How the Trump-Kim Summit Failed: Big Threats, Big Egos, Bad Bets – The New York Times

In retrospect, it was an important message that was obscured by the discussion of an end-of-war declaration.

What really mattered to Mr. Kim were the sanctions, which, after three new rounds in 2017, were strangling his nation’s already pitiful economy. The United States had even cut off critical humanitarian aid to the country by barring American aid groups from traveling there.

With diplomacy stalled, Mr. Trump decided to weigh in again.

Mr. Bolton announced in December that Mr. Trump wanted another summit meeting in early 2019 because North Korea had “not lived up to the commitments” it made in Singapore. To some diplomats and analysts, that seemed like a reason not to meet again.

The North Koreans appointed a former ambassador to Spain, Kim Hyok-chol, to lay the groundwork with Mr.
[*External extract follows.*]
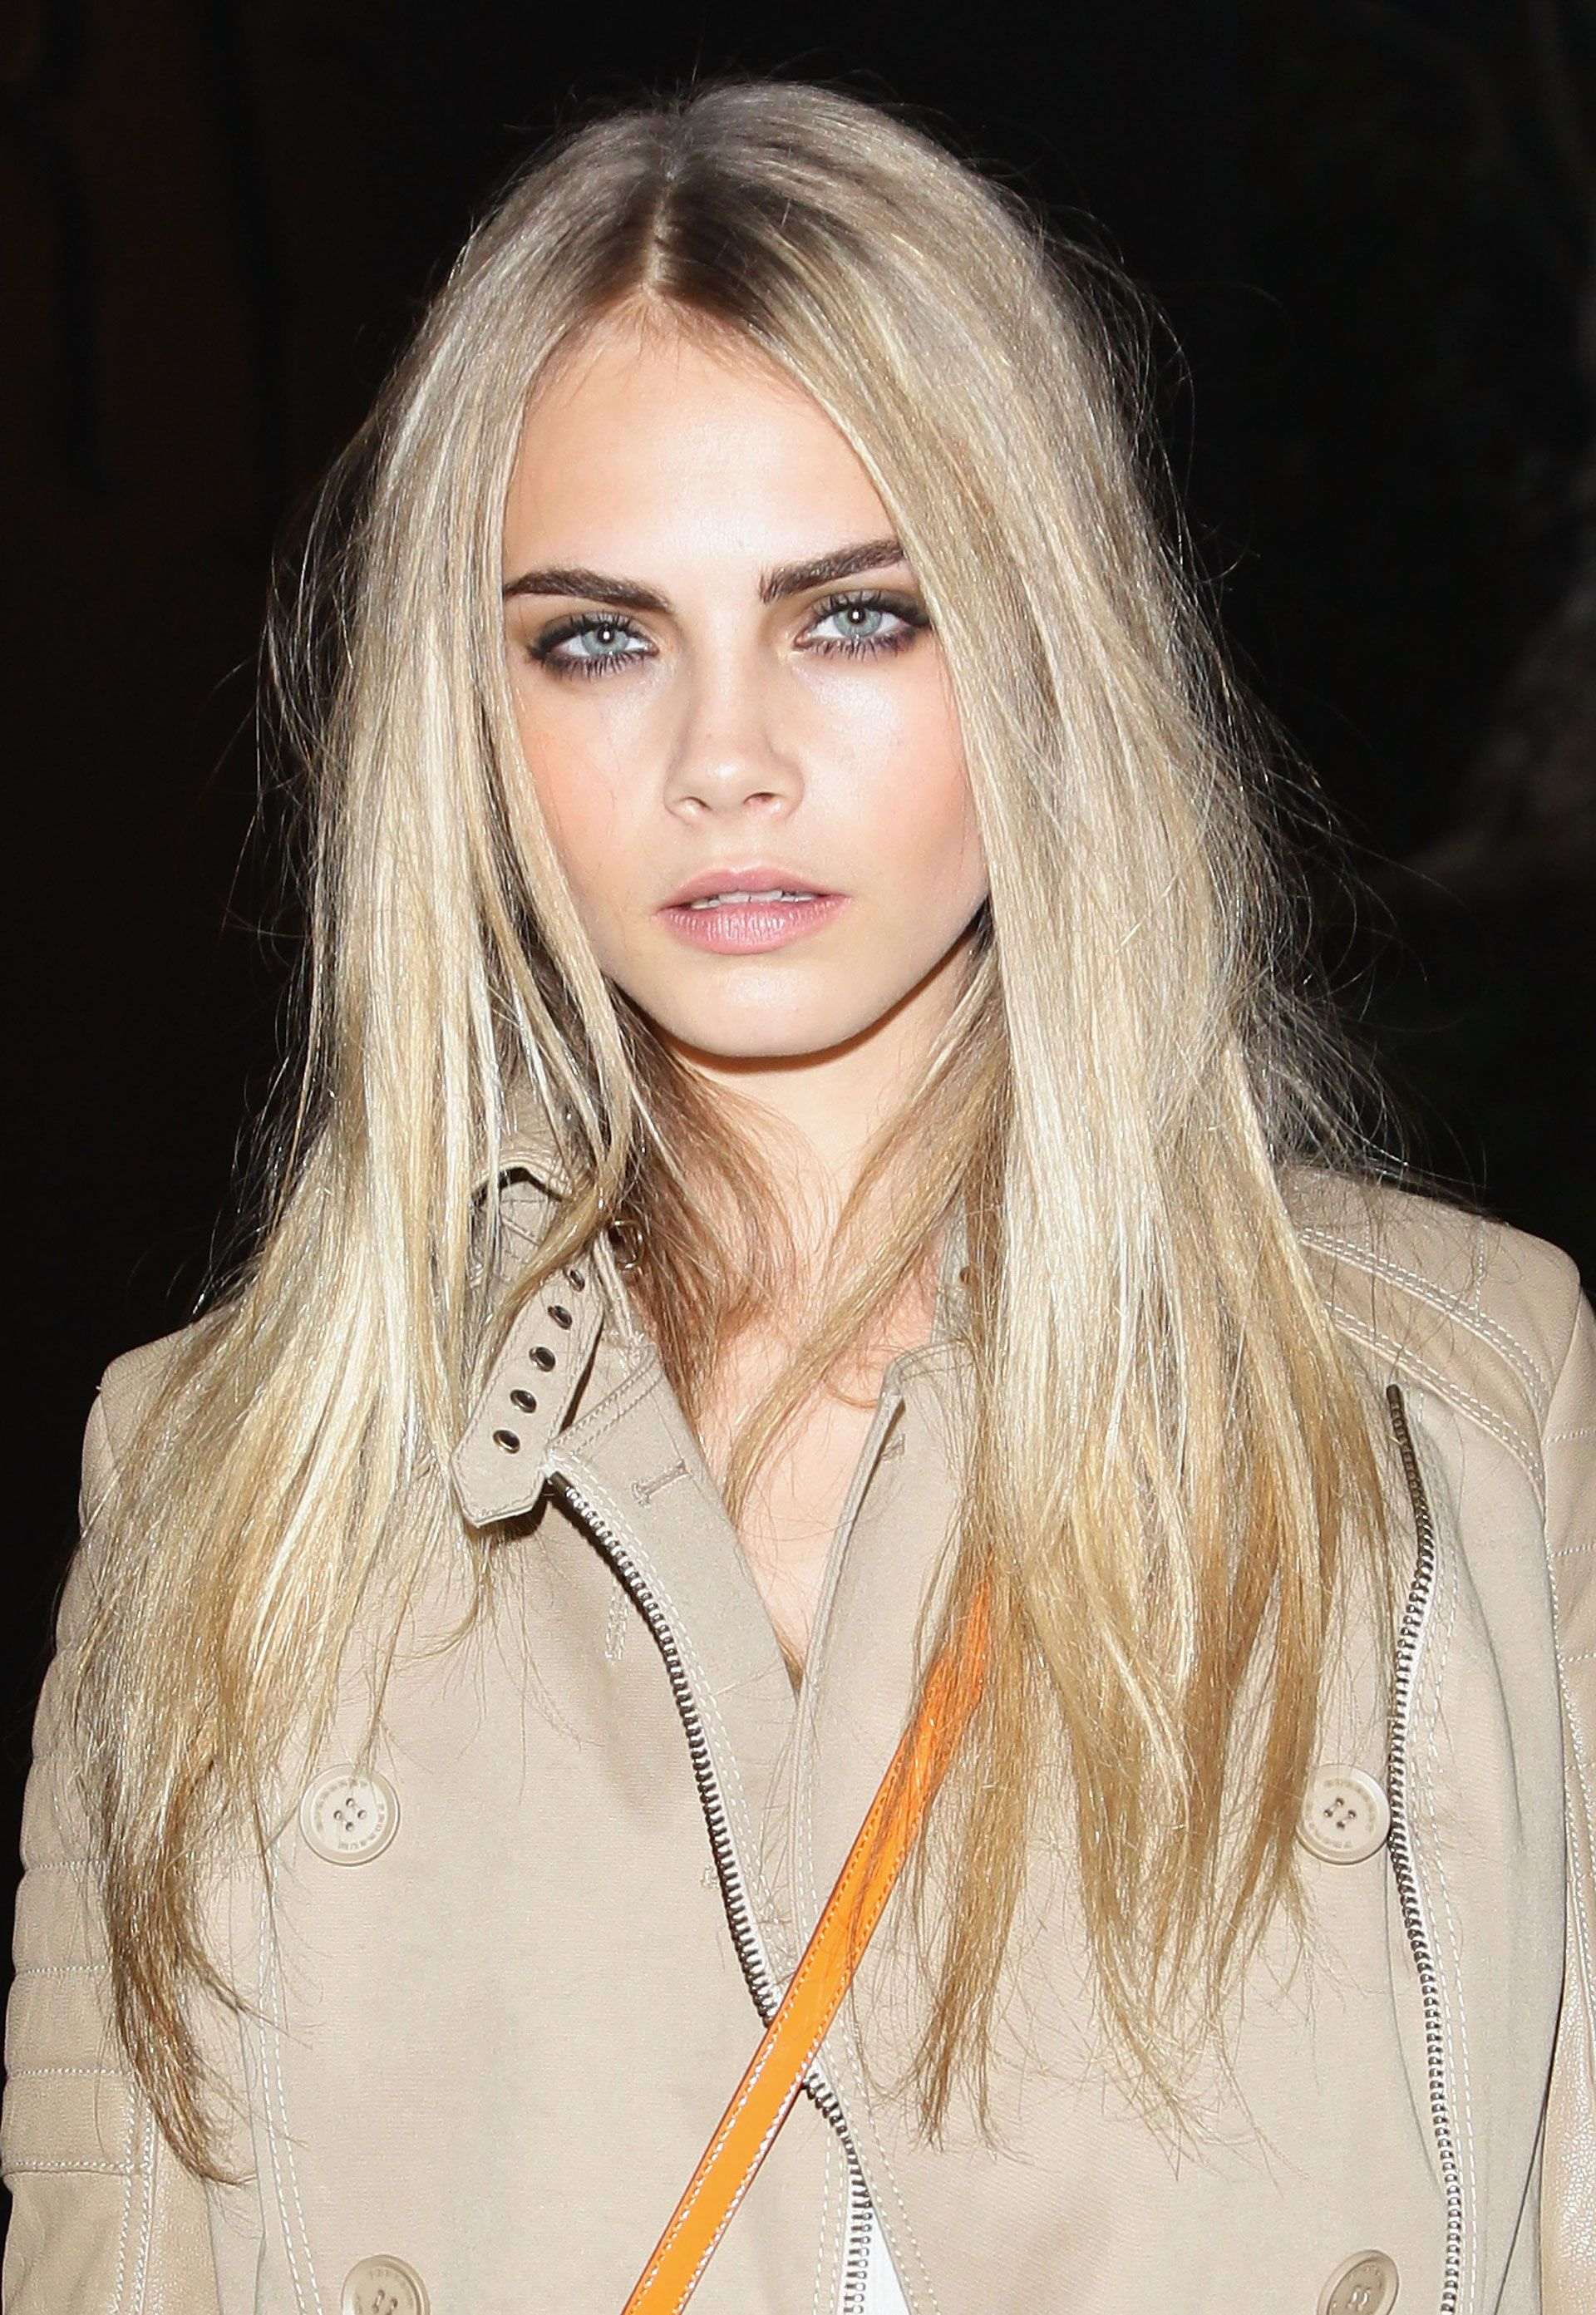 25 Stunning Photos of Cara Delevingne | Hurrr | Cara delevingne hair. Dark eyebrows. Beauty

Biegun, 55, a pragmatic former senior aide to Condoleezza Rice in the Bush administration who had been passed over for the national security adviser position in favor of Mr. Bolton.

The first meetings in Pyongyang did not go smoothly. And when the two sides met in Hanoi starting six days before the summit meeting, the North Koreans kept demanding that the five most recent rounds of sanctions imposed by the United Nations since March 2016 be lifted.

Mr. Ri, the foreign minister, said later that North Korea chose those sanctions because they affected ordinary citizens.

These sanctions, imposed to punish Pyongyang for new weapons tests, differed from previous restrictions that were focused on weapons and nuclear-related equipment. Instead, they covered entire export sectors, including minerals, metals, coal, agriculture and seafood.